Who uncovered for whom marked the social hierarchy and whose authority was recognized or not.
Until World War I, it was customary for women to wear a cap on her head, and women were rarely seen in public without one.

==Parts==

Hats are very varied, but the parts of many hats can be described as the crown, the top section; the brim, a projecting rim around the hat below the crown; and often a band or hatband wrapped around the crown just above the brim.

== Famous hatmakers ==

One of the most famous London hatters is James Lock & Co. of St James's Street. The shop claims to be the oldest operating hat shop in the world. Another was Sharp & Davis of 6 Fish Street Hill. In the late 20th century, museums credited London-based David Shilling with reinventing hats worldwide.
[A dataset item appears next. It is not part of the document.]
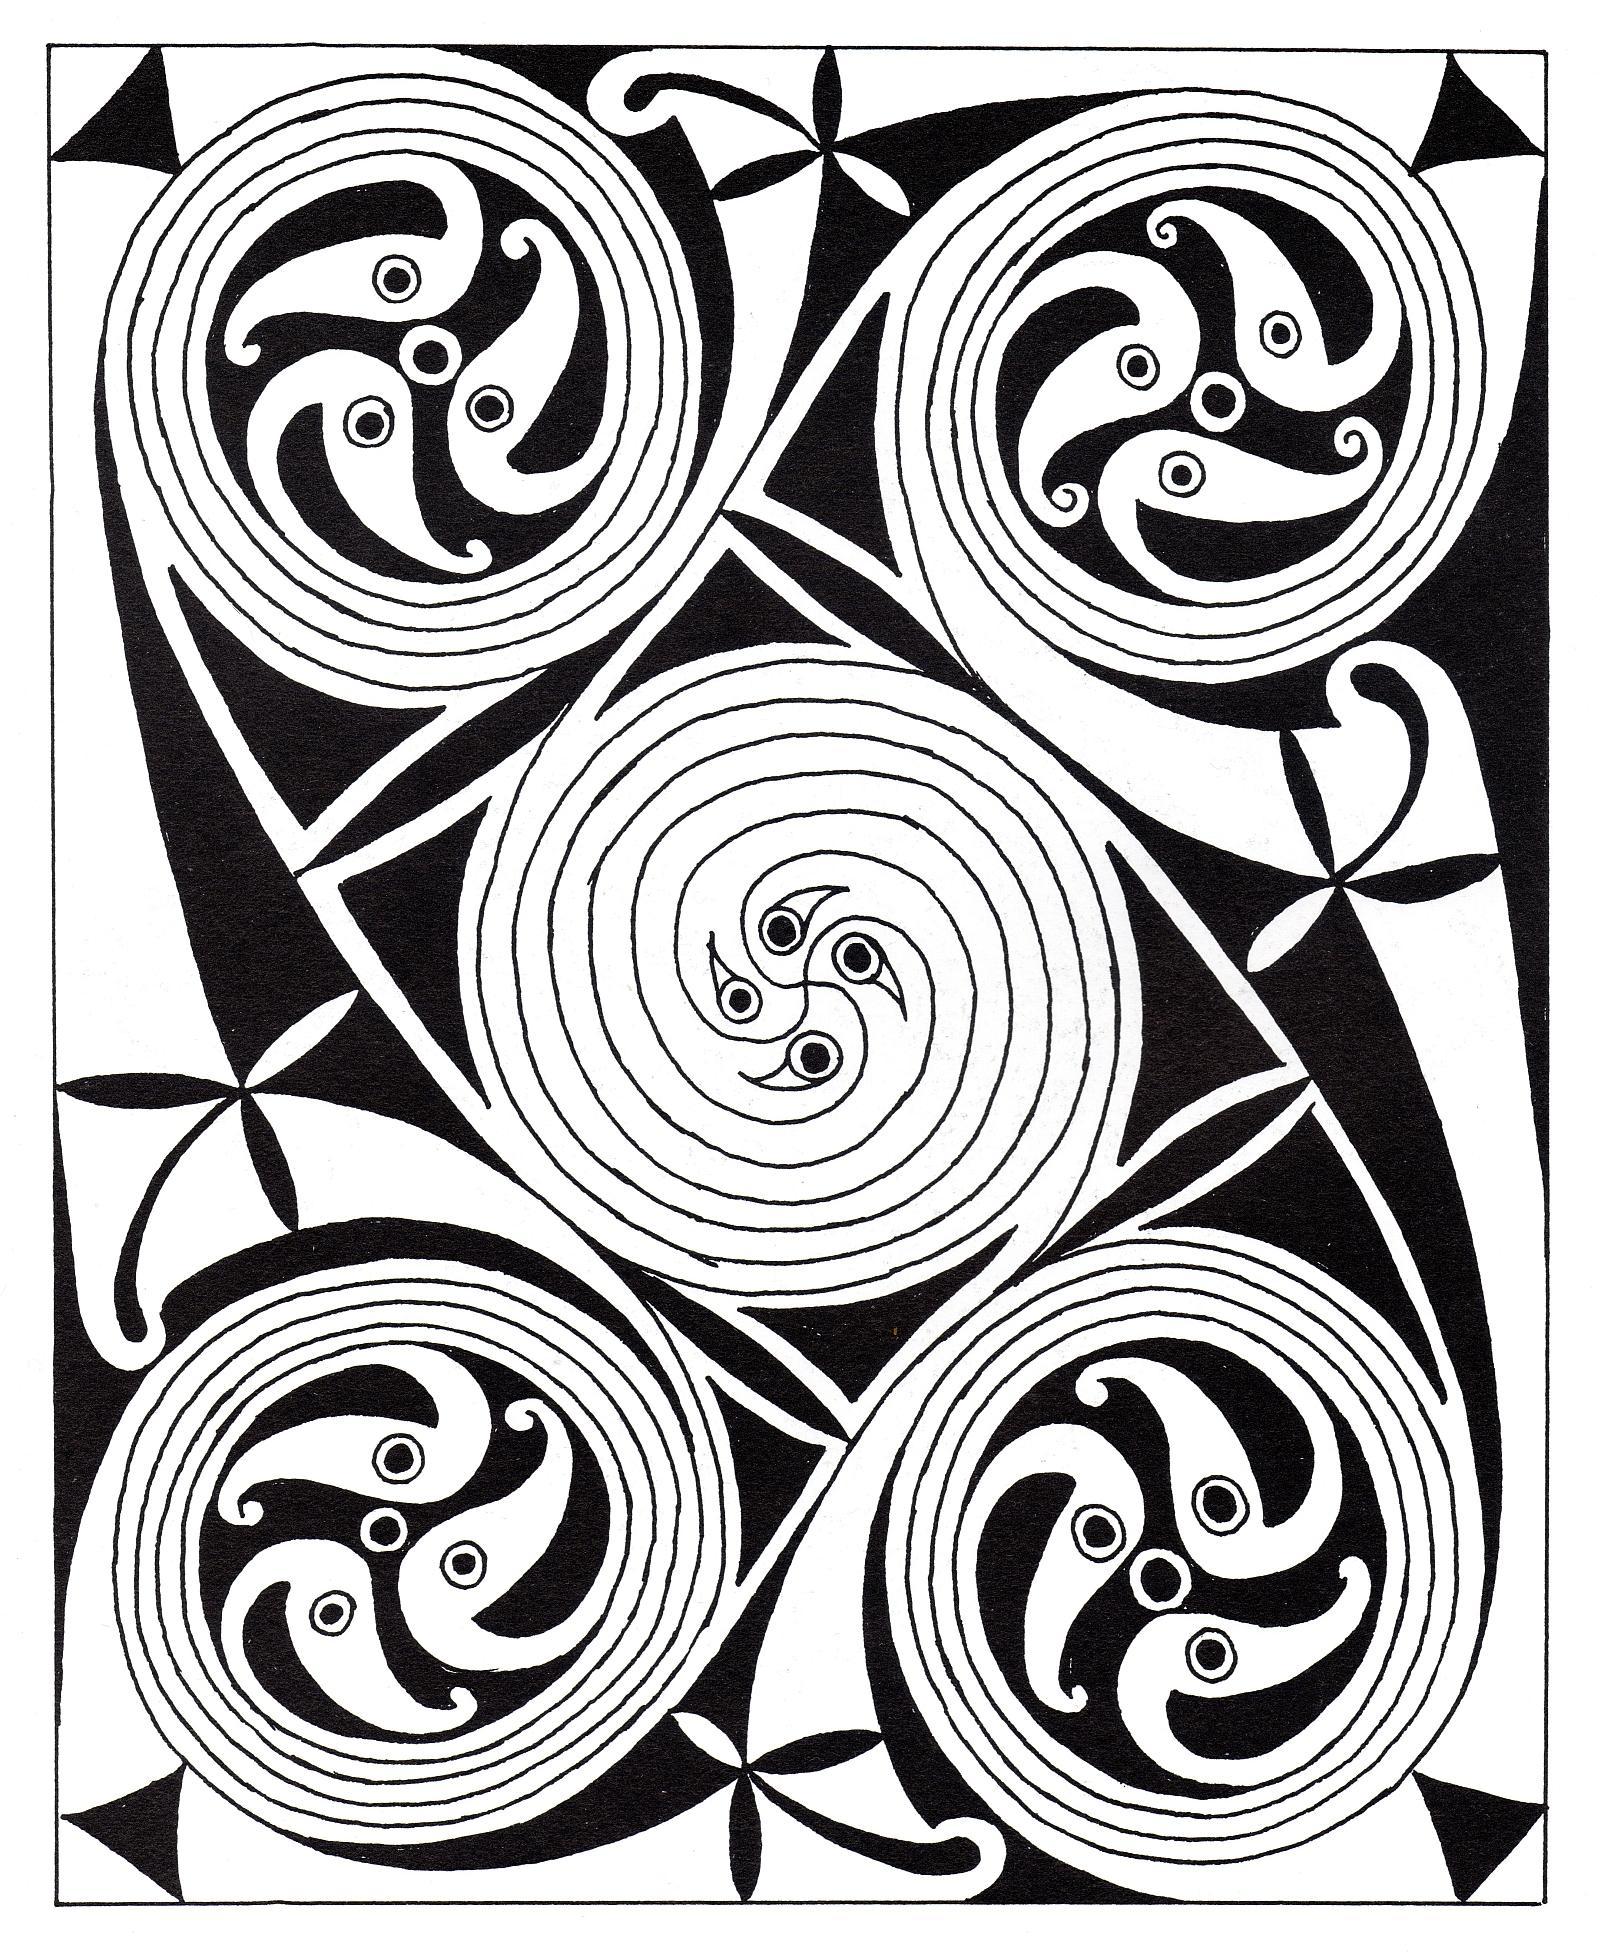 Coloriage Anti Stress Celtique.Art Celtique 31 Art Celtique Coloriages Difficiles Pour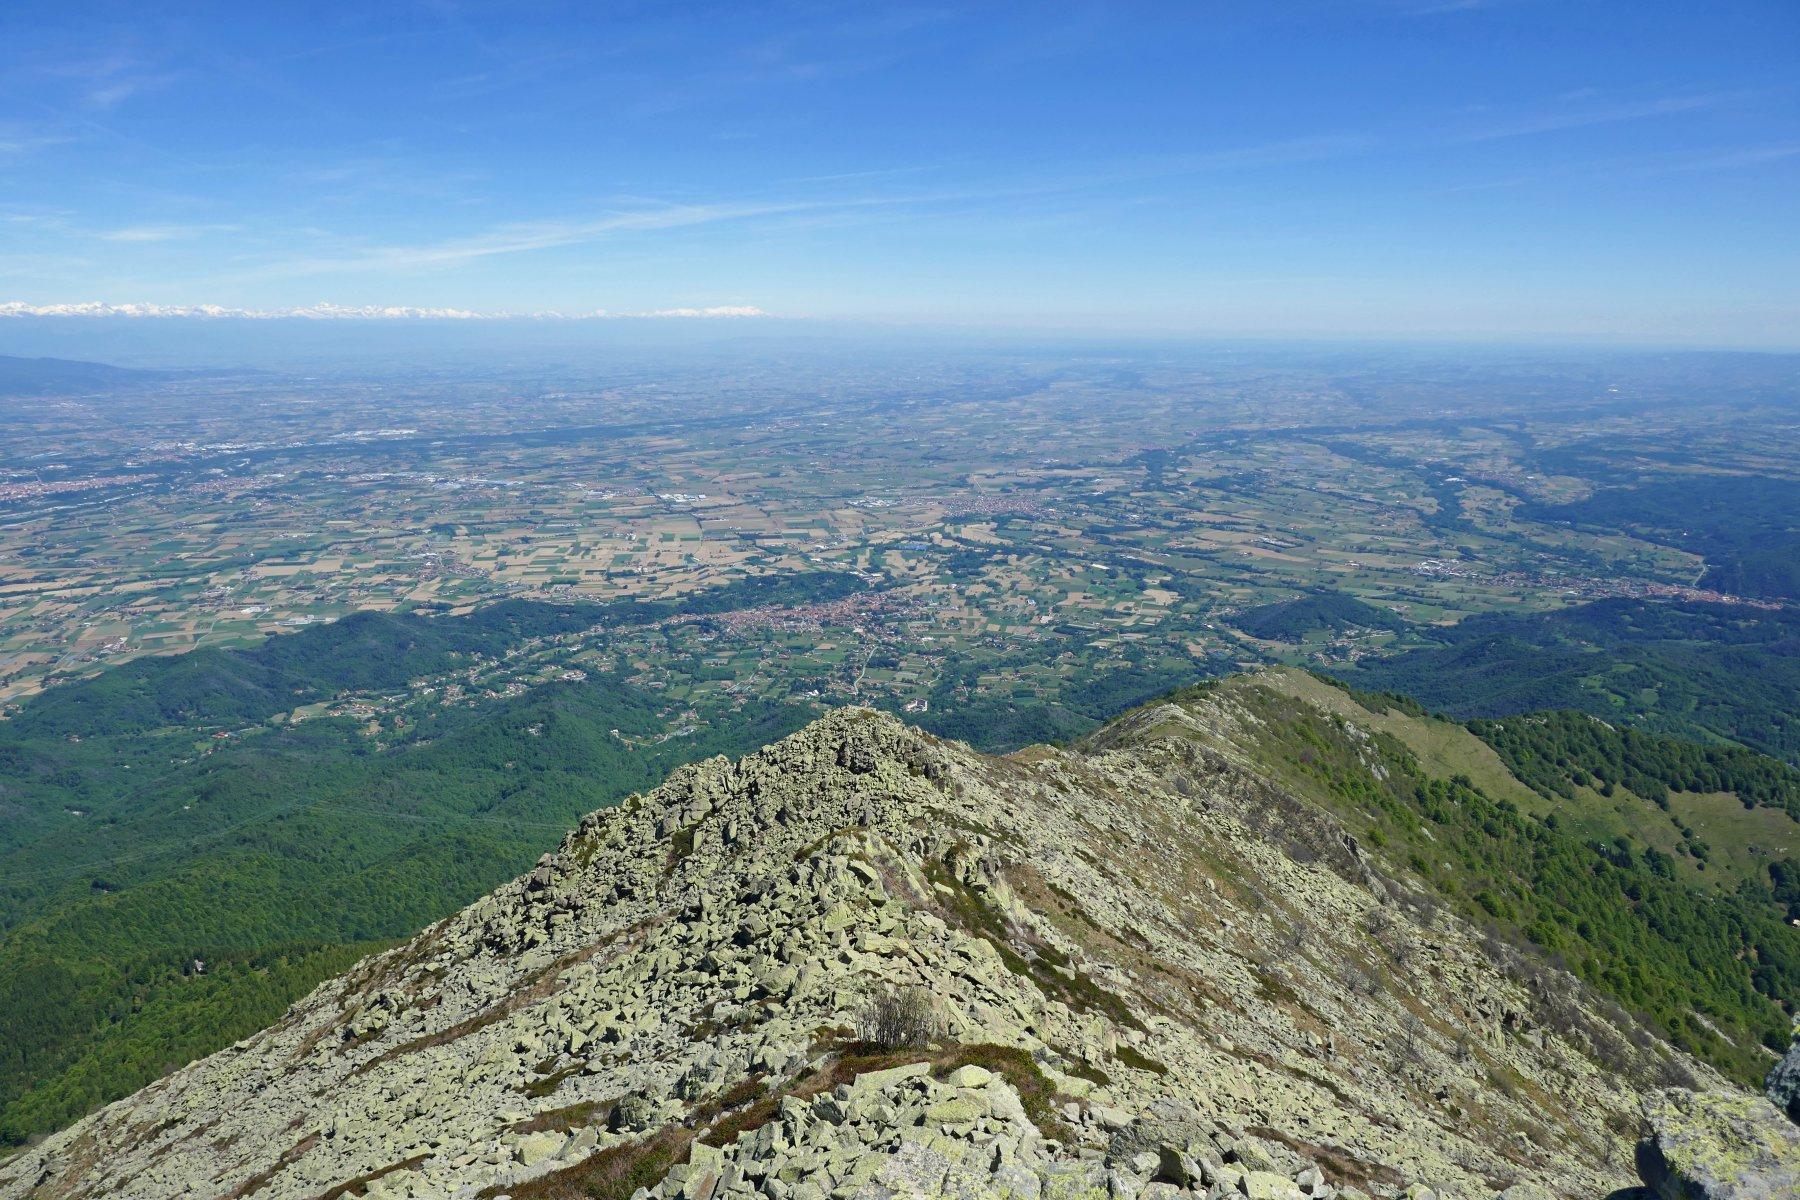 Salendo lungo la cresta la vista si apre sulla pianura

Notable Belgian hat designers are Elvis Pompilio and Fabienne Delvigne (Royal warrant of appointment holder), whose hats are worn by European royals. Philip Treacy OBE is an Irish milliner whose hats have been commissioned by top designers and worn at royal weddings. In North America, the well-known cowboy-hat manufacturer Stetson made the headgear for the Royal Canadian Mounted Police and the Texas Rangers. John Cavanagh was one of the notable American hatters. Italian hat maker Borsalino has covered the heads of Hollywood stars and the world's rich and famous.

== Collections ==
The Philippi Collection is a collection of religious headgear assembled by a German entrepreneur, Dieter Philippi, located in Kirkel. The collection features over 500 hats, and is currently the world's largest collection of clerical, ecclesiastical and religious head coverings.

== Styles ==

This is a short list of some common and iconic examples of hats. A longer version can be found at List of hat styles.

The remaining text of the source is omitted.